Had I grown up down the street from the
New York Public Library, I might have thought that libraries were defined by
the size of their lions. If some of my earliest memories had been of Harvard’s
Widener Library, I could have believed that sweeping murals by John Singer
Sargent were baseline. But I attended a small Catholic girls’ school in
Nashville, where our tiny library consisted of two rows of bookshelves, one on
either side of the short hall between the classrooms and the nuns’ dining room.
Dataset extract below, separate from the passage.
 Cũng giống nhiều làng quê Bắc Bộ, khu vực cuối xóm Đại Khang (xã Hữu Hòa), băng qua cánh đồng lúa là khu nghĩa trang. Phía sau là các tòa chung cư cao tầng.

At the end of the bookshelves, Joanne Baily sat at a small table. Mrs. Baily
was a mother who volunteered to help children find the book they might not know
they were looking for.
Just about the time I read Betty Smith’s A
Tree Grows in Brooklyn, I advanced to the upper school across the parking
lot. The library there was a big step up. The books were kept in their own
small room. I remember wanting to check out Robert Nathan’s Portrait of Jennie
because it looked romantic, but at the circulation desk I was denied. Sister
Bonaventure, taking a long look at the cover (a painting of a girl looking
vaguely pensive), deemed the book inappropriate. I went back for another novel,
and then another, and every time was instructed to reshelve my selection. I
finally decided that Sister Bonaventure did not approve of fiction. Testing my
theory, I brought several books of poetry to the checkout and sailed through.
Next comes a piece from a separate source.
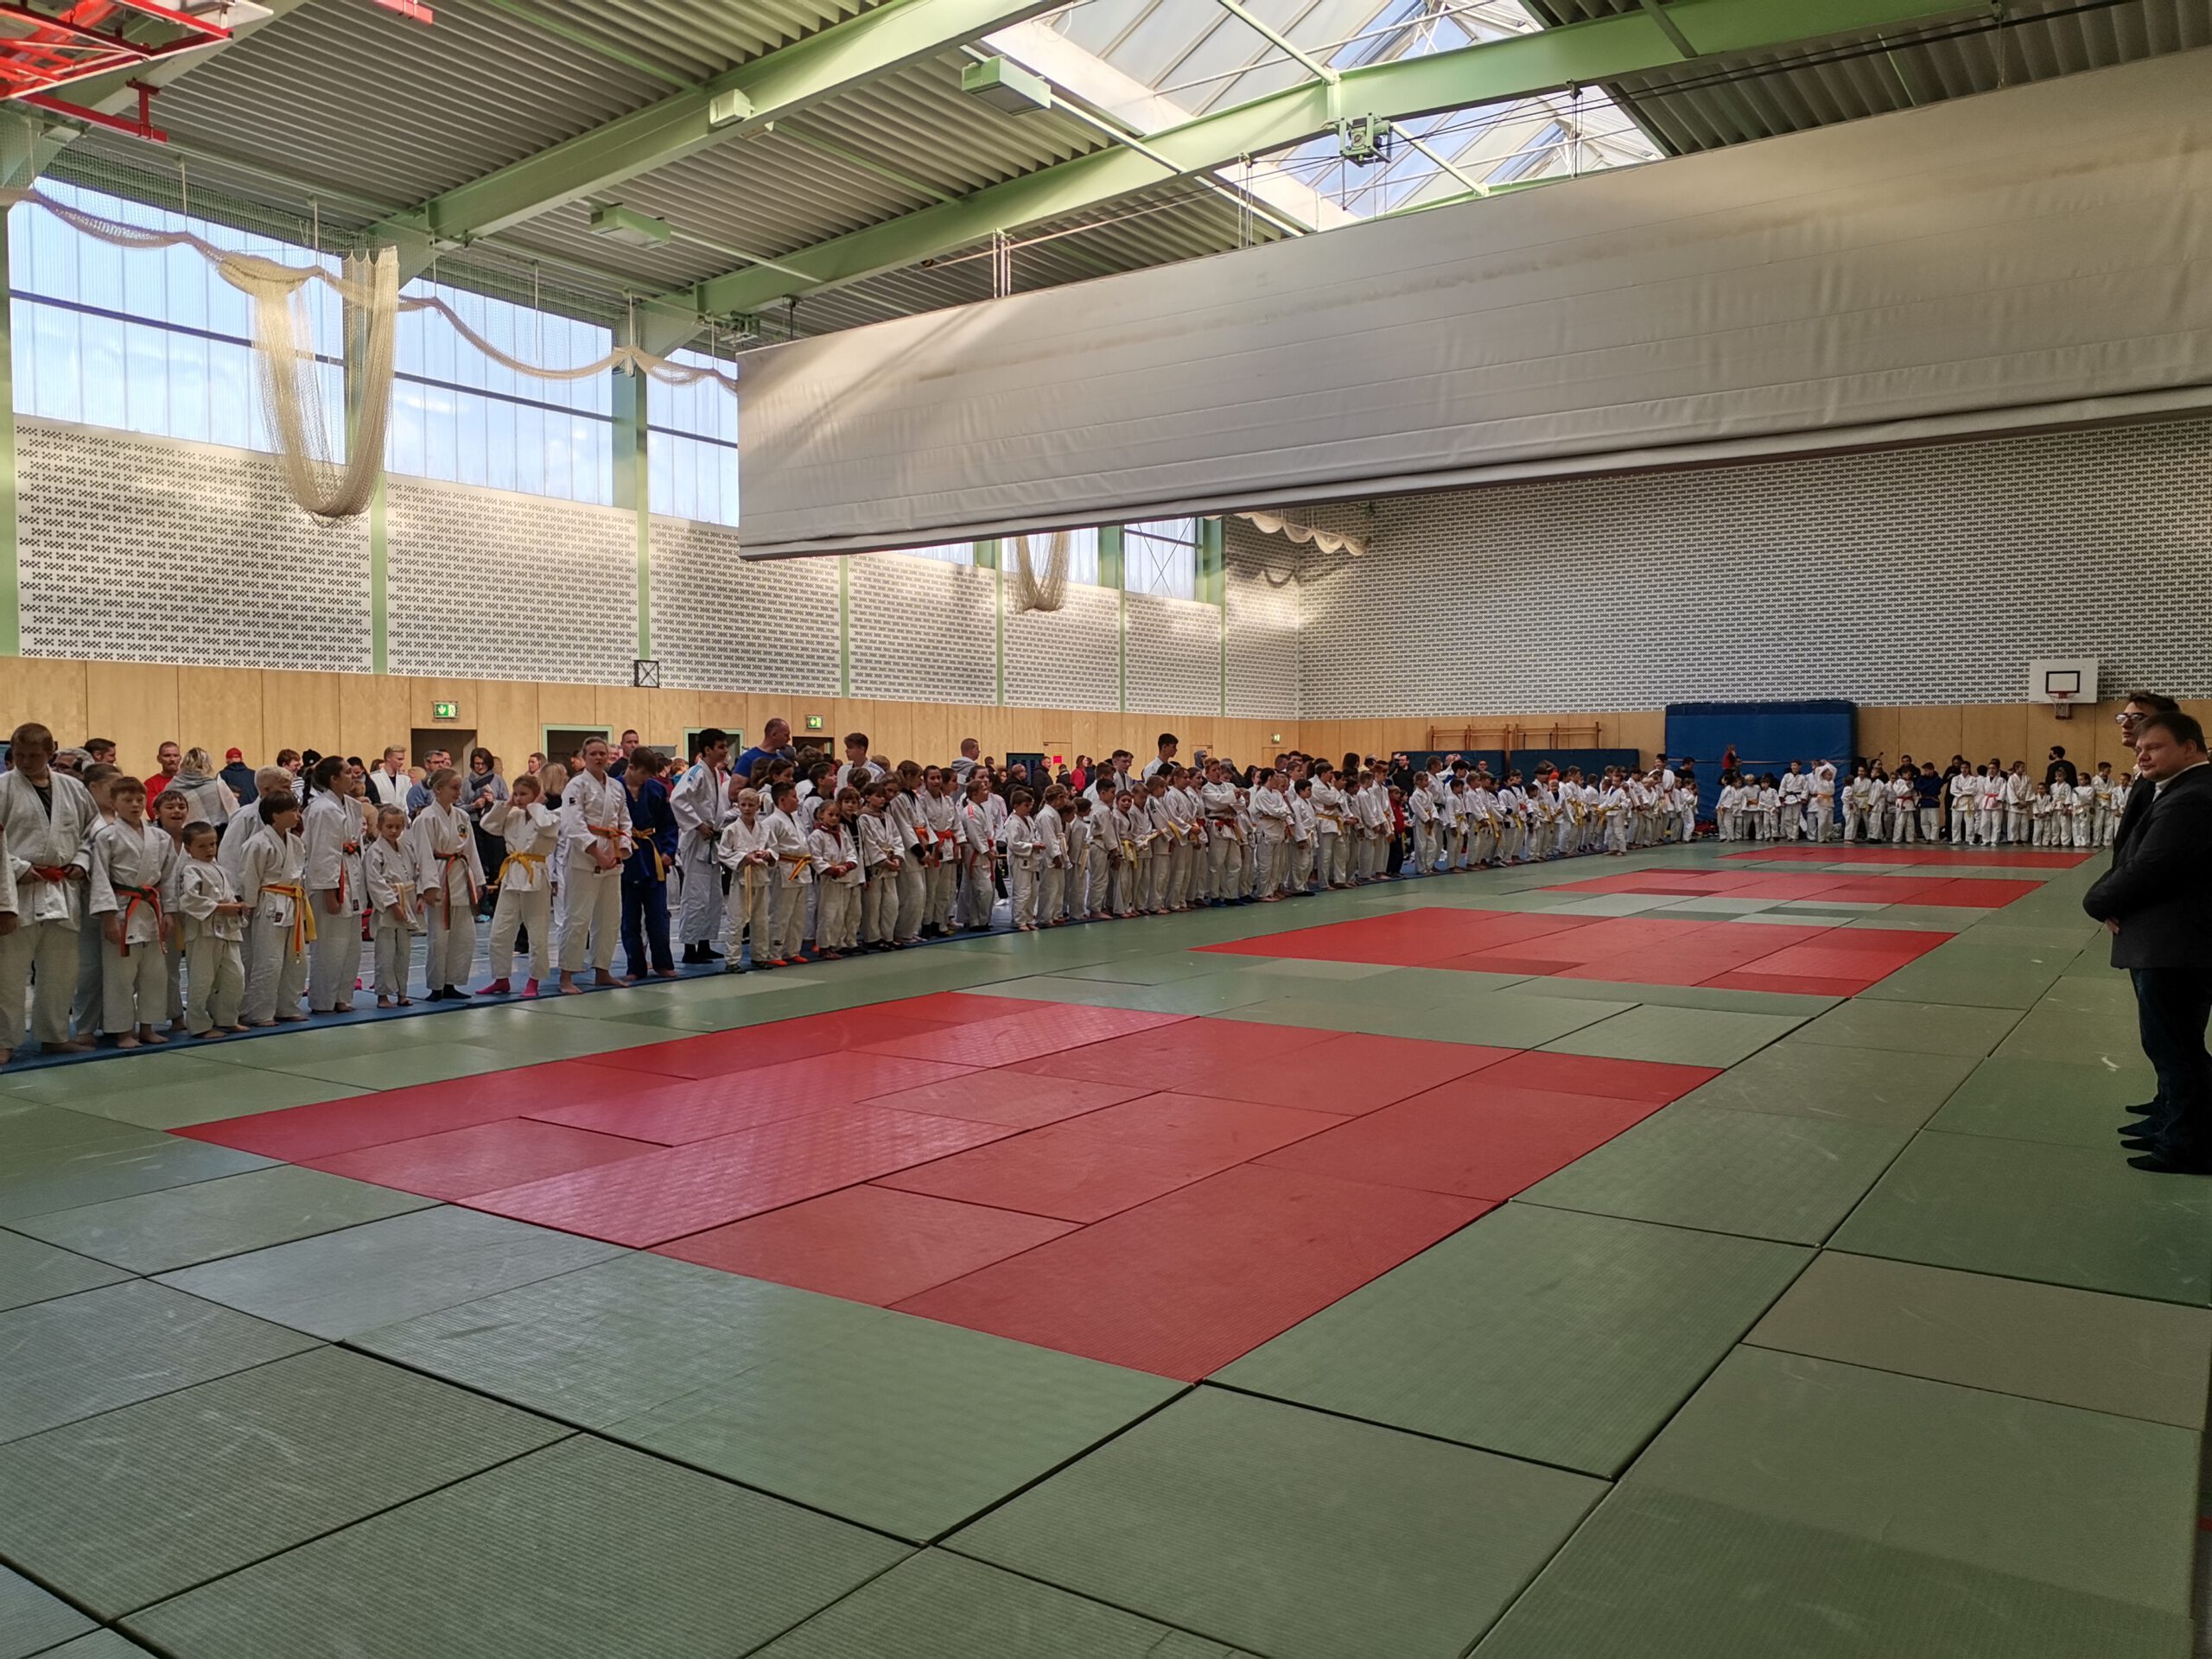 Rathenower Judoka auf mehreren Matten unterwegs

That was how I came to start reading T.S. Eliot and W.B. Yeats and Sylvia Plath
in seventh grade.
So while I went on in life to be deeply
impressed by the Philadelphia Free Library and the Los Angeles County Public
Library and our own stunning Nashville Public Library, my idea of what a
library is remains simple: a collection of books, however many or few, that are
loaned out and gathered back. We may
never have full equality in our legal system, or our schools, but in our
libraries there is parity: All are welcome, all books are free, and, if you can
wait a little while, all books are available.
These days, with the advent of the interlibrary loan system, that
includes just about any book you might want. The one-room structure in rural
Kansas is as rich in books as the aforementioned Widener.
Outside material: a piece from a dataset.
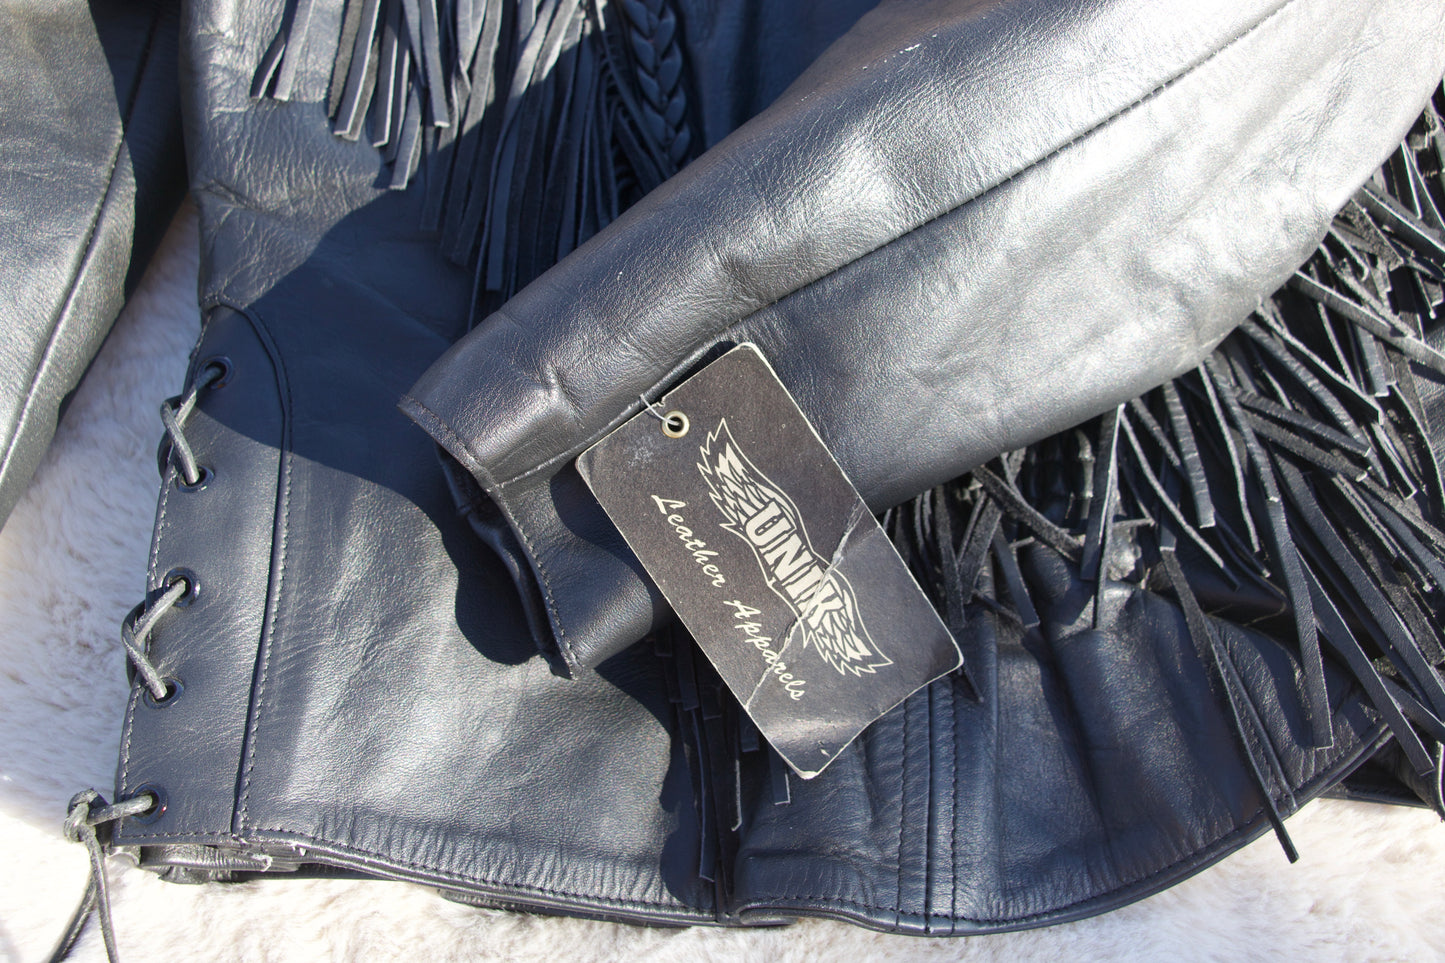 Vintage Fringe Leather Jacket by Unik

Of course, my book-centric view of
libraries could easily be seen as dated. Libraries have considerably more than
books to manage these days. So why, in a time when libraries also serve as
computer centers, senior centers, teen centers, classrooms, and homeless
shelters, is there so much speculation that they’ve become irrelevant? In 1897 Mark Twain wrote a note to a friend
that read, “James Ross Clemens, a cousin of mine, was seriously ill two or
three weeks ago in London, but is well now. The report of my illness grew out
of his illness; the report of my death was an exaggeration.” Like James Ross Clemens, the book industry
has endured a serious illness. The advent of ebooks caused a great deal of
panic. But books, ever tenacious, have made a strong recovery. It is my belief
that the publishing industry’s illness brought about the notion that libraries
were on their last leg. Libraries, like Twain himself, had never been sick in
the first place.
So, if you are fortunate enough to buy
your own books, and you have your own computer, and you’re not in search of a
story hour for your kids, then don’t forget about the members of your community
who perhaps lack your resources—the ones who love to read, who long to learn,
who need a place to sit and think. Make sure you remember to support their
quest for a better life. That’s what a library promises us, after all: A better
life. And that’s what libraries have delivered.